Action Space Discrete(6)
State Space Discrete(500)


## Summing up the Q-Learning Process
Breaking it down into steps, we get

Initialize the Q-table by all zeros.

Start exploring actions: 

For each state, select any one among all possible actions for the current state (S).

Travel to the next state (S') as a result of that action (a).

For all possible actions from the state (S') select the one with the highest Q-value.

Update Q-table values using the equation.

Set the next state as the current state.

If goal state is reached, then end and repeat the process.


## Exploiting learned values
After enough random exploration of actions, the Q-values tend to converge serving our agent as an action-value function which it can exploit to pick the most optimal action from a given state.

There's a tradeoff between exploration (choosing a random action) and exploitation (choosing actions based on already learned Q-values). We want to prevent the action from always taking the same route, and possibly overfitting, so we'll be introducing another parameter called ϵ "epsilon" to cater to this during training.

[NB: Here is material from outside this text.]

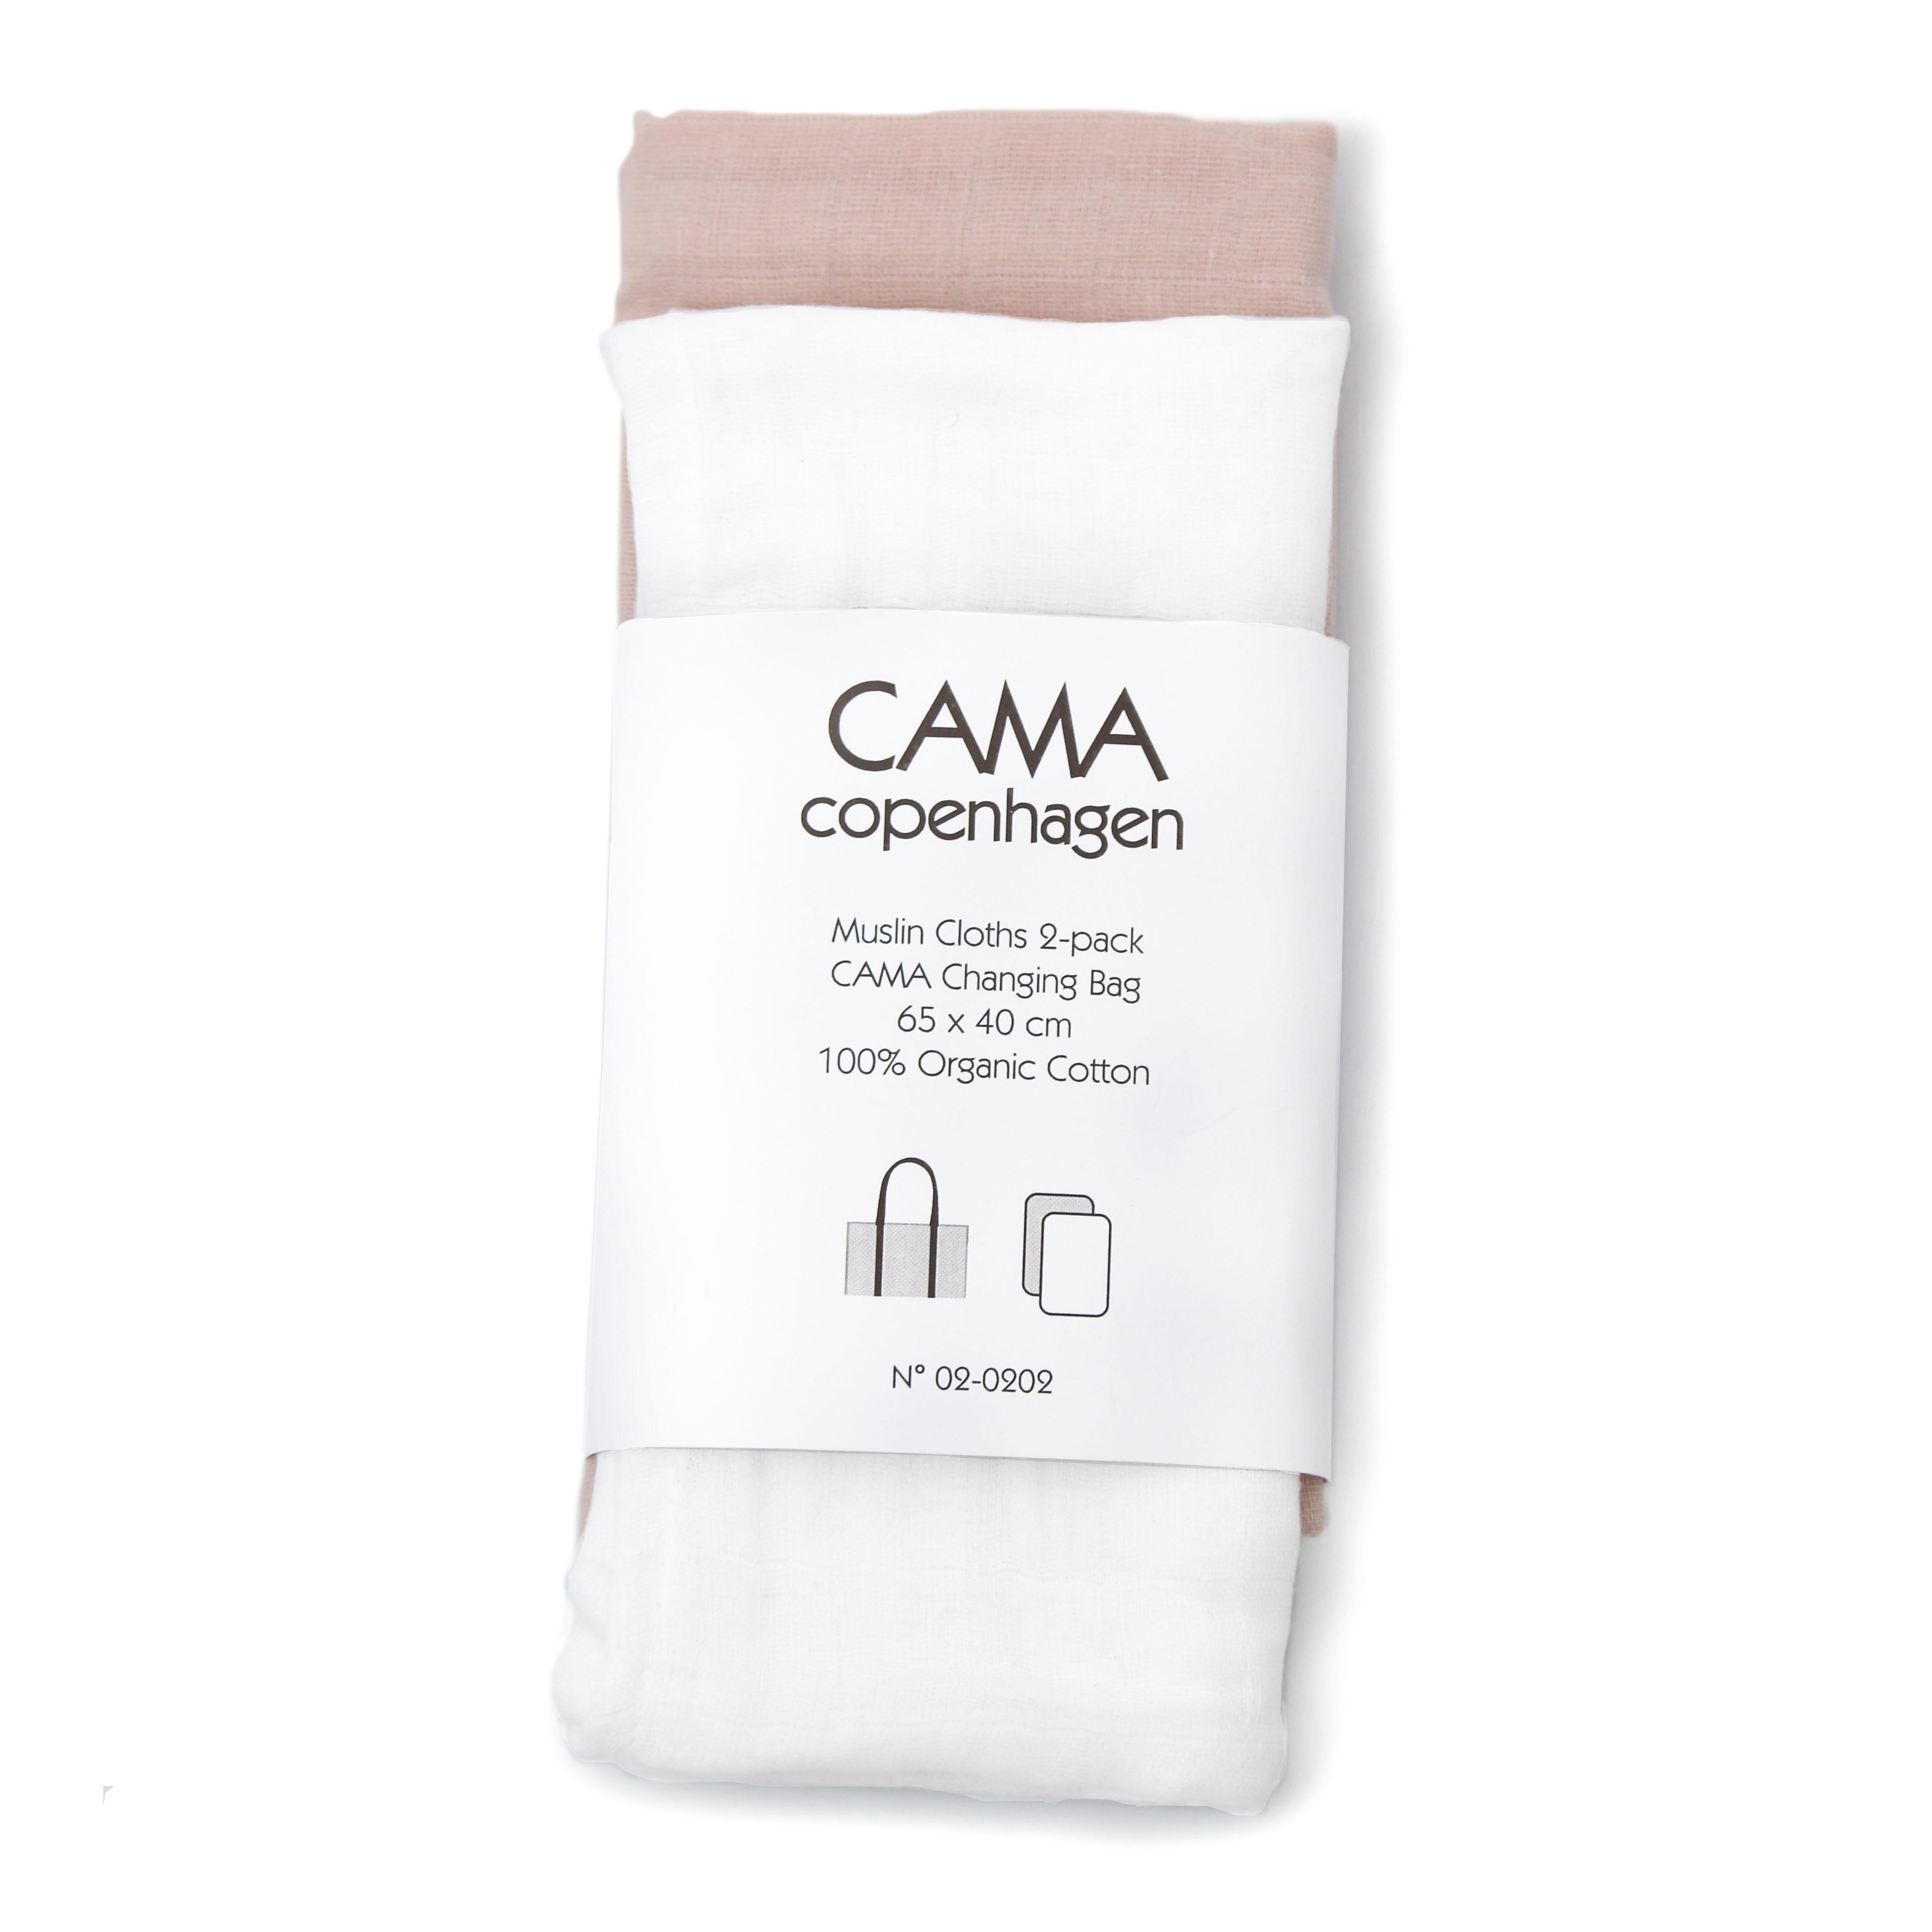 CAMA Copenhagen Skötunderlägg 2-pack - Vit/Ljusrosa

Instead of just selecting the best learned Q-value action, we'll sometimes favor exploring the action space further. Lower epsilon value results in episodes with more penalties (on average) which is obvious because we are exploring and making random decisions.

In [79]:
#Initialize Q_table
import numpy as np

q_table = np.zeros([env.observation_space.n, env.action_space.n])

In [80]:
%%time
"""Training the agent"""

import random
from IPython.display import clear_output

# Hyperparameters
alpha = 0.1
gamma = 0.6
epsilon = 0.1

# For plotting metrics
all_epochs = []
all_penalties = []

##Write your code here
for i in range(1, 100001):
    state = env.reset()
    
    epochs, penalties, reward, = 0, 0, 0
    done = False
    
    while not done:
        if random.uniform(0,1) < epsilon:
            action = env.action_space.sample()   # Explore action space
        else:
            action = np.argmax(q_table[state])   # Exploit learned values
            
        next_state, reward, done, info = env.step(action)
        
        old_value = q_table[state, action]
        next_max = np.max(q_table[next_state])
        
        new_value = (1 - alpha) * old_value + alpha * (reward + gamma * next_max)
        q_table[state, action] = new_value
        
        if reward == -10:
            penalties += 1
        
        state = next_state
        epochs += 1
        
    if i % 100 == 0:
        clear_output(wait=True)
        print(f"Episode: {i}")
        

np.save("./q_table.npy", q_table)

Episode: 100000
Wall time: 1min 32s


In [83]:
#Load trained q_table for evaluation

q_table = np.load("./q_table.npy")

In [84]:
def create_loc_dict(city_df):
    loc_dict = {}
    ## Create dictionary example, loc_dict['dwarka sector 23] = 0
    for i in range(len(city_df)):
        loc_dict[city_df.loc[i, 'location']] = city_df.loc[i, 'mapping']
        
    return loc_dict

In [85]:
def check_pick_up_drop_correction(pick_up, drop, line_num):
    orig_df = pd.read_csv("./org_df.csv")
    original_origin = orig_df.loc[line_num, 'origin']
    original_destination = orig_df.loc[line_num, 'dest']

    if original_origin == pick_up and original_destination == drop:
        return True
    else:
        return False

In [86]:
"""Evaluate agent's performance after Q-learning"""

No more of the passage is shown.